Another of Rory’s priorities in his new job is to improve the evidence base on both the scale of the problem and the effectiveness of the safety nets that have been put in place in different parts of the country. But the available data do suggest that the incidence of addiction problems to alcohol and other substances is significantly higher in doctors and vets than in the population as a whole.
But why should vets be more prone to developing addiction problems than any other group of people? Rory thinks that the nature of the work is a major factor.
“It can be quite an isolated life as a vet and, of course, it can also be quite pressurised. But I think that another factor is the sort of people who are attracted to a profession like this, high achievers who will have big expectations of themselves – and sometimes it just isn’t that easy.”
So is it possible to predict which people are likely to experience problems and be ready to offer help earlier? Despite pop-science claims about the existence of particular “addictive personalities”, he points out that the numbers of people who could potentially be at risk is huge.
“If you take alcohol, there is about 80% of the adult population who drink and perhaps 60% of those people could develop problems with alcohol dependency. Put another way, people will have a “drinking career” lasting maybe 40 years and at any time there may be 10 to 15% of that group with reasonably serious problems with alcohol.”
But there is good evidence to suggest that the seeds of later addiction problems can be sown early, before these people have joined the ranks of the veterinary profession. “Addiction is to some extent a learned behaviour. Both medical and veterinary schools are good training grounds for socialisation and part of that process is drinking.”
Rory points out that many young people in their teens and early 20s do drink to excess. The majority will settle down as they enter relationships and take on professional and financial responsibilities. But a minority are unable to make that change, just as there are some who are unable to resist the sort of recreational drugs like ketamine, benzodiazepines and opiates that may be obtainable, albeit at some risk, in any veterinary practice.
Touring the schools
Consequently, Rory will be continuing the work of his predecessor, Dr Virginia Richmond, in touring the UK veterinary schools to raise awareness among students and staff of the importance of mental health issues.
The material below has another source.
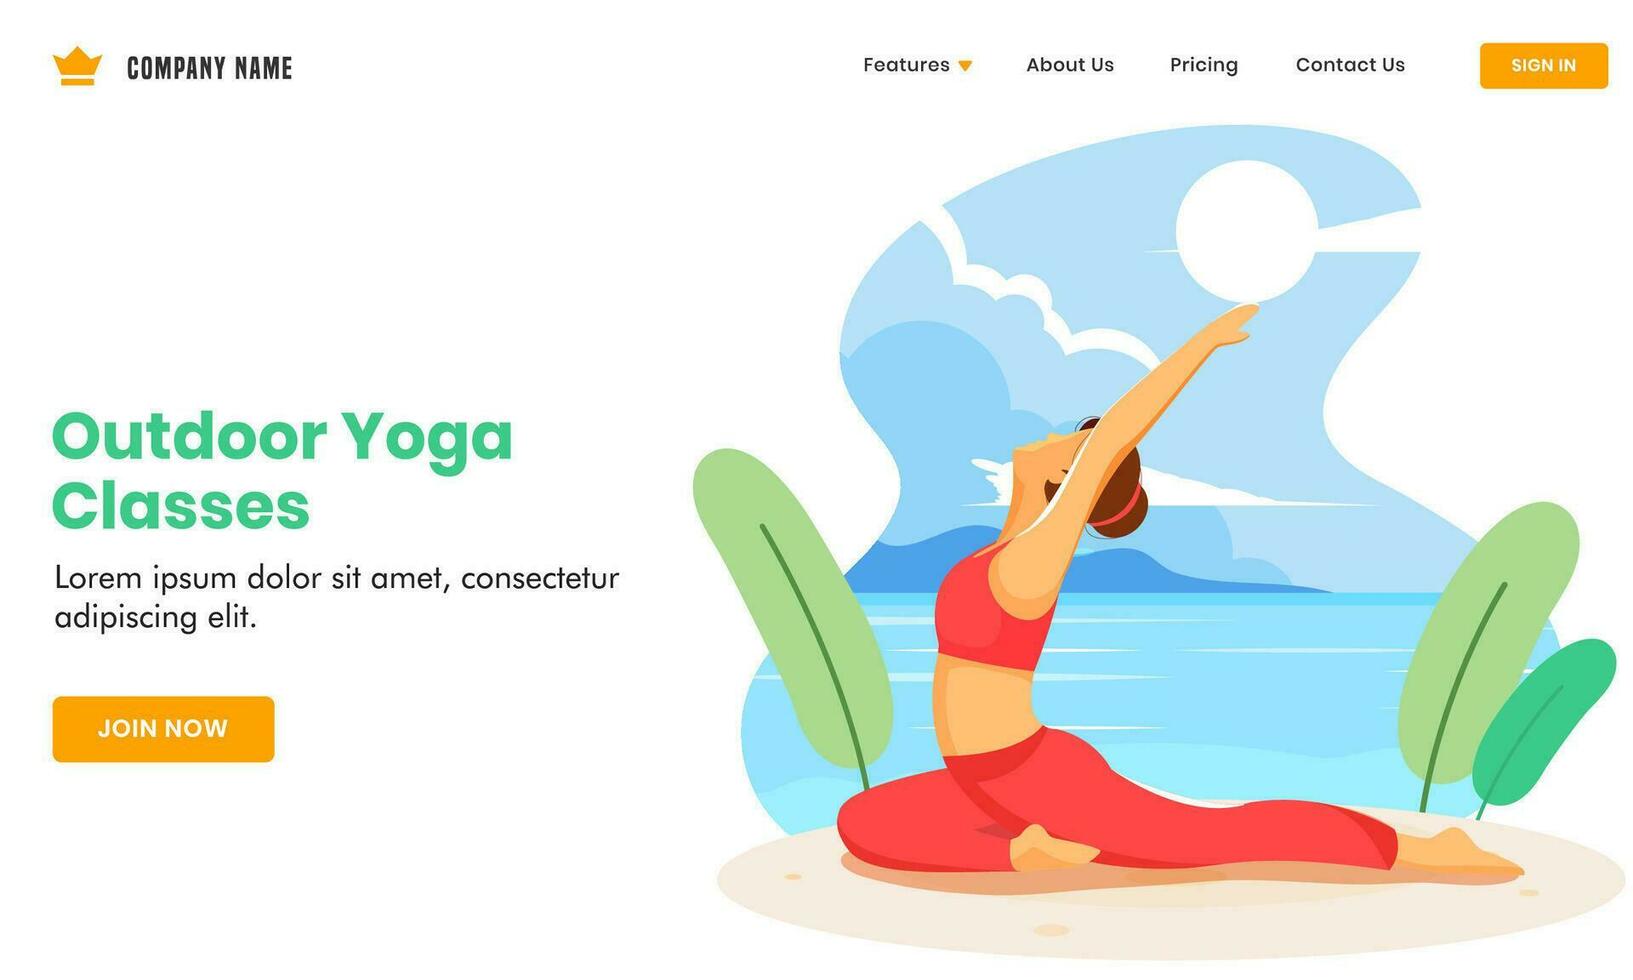 Outdoor Yoga Classes Based Landing Page Design with Illustration of Young Woman Doing Yoga in Ashwa Sanchalanasana Pose. vector

Clearly, any clinicians whose judgement is blurred by alcohol or drug misuse are a danger to their patients as well as themselves. As someone with experience in treating patients from all the medical professions, Rory knows that their problems are very similar and should be dealt with through a pan-professional support system.
He is a member of Clinicians Health Intervention, Treatment and Support Initiative which aims to attract Government funding to support addiction recovery programmes. He was much encouraged by the announcement on 17th November of Department of Health funding for a two-year pilot project providing specialist care and support for any doctor or dentist with a mental/physical health concern or addiction in the London area.
He is in the preliminary stages of negotiations for rolling out the scheme to the rest of the country and including other health professionals such as pharmacists and vets. He is optimistic that it will be possible to attract the funding needed for the veterinary profession to pay its way as a full partner in the scheme.
In the meantime, he is anxious to provide more support for those colleagues with health problems which may not need all the resources of this NHS Practitioner Support Programme, just guidance in helping the clinician deal with his or her own problems.
Another of his goals is to expand and develop the regional carers scheme, a network of vets around the country who will be available to offer counselling and practical help to colleagues in their area.
“I think this could be an extremely useful source of support for men and women in the profession who are trying to cope with addiction and mental health problems. But at the moment it is not very well known and it is certainly under-utilised.”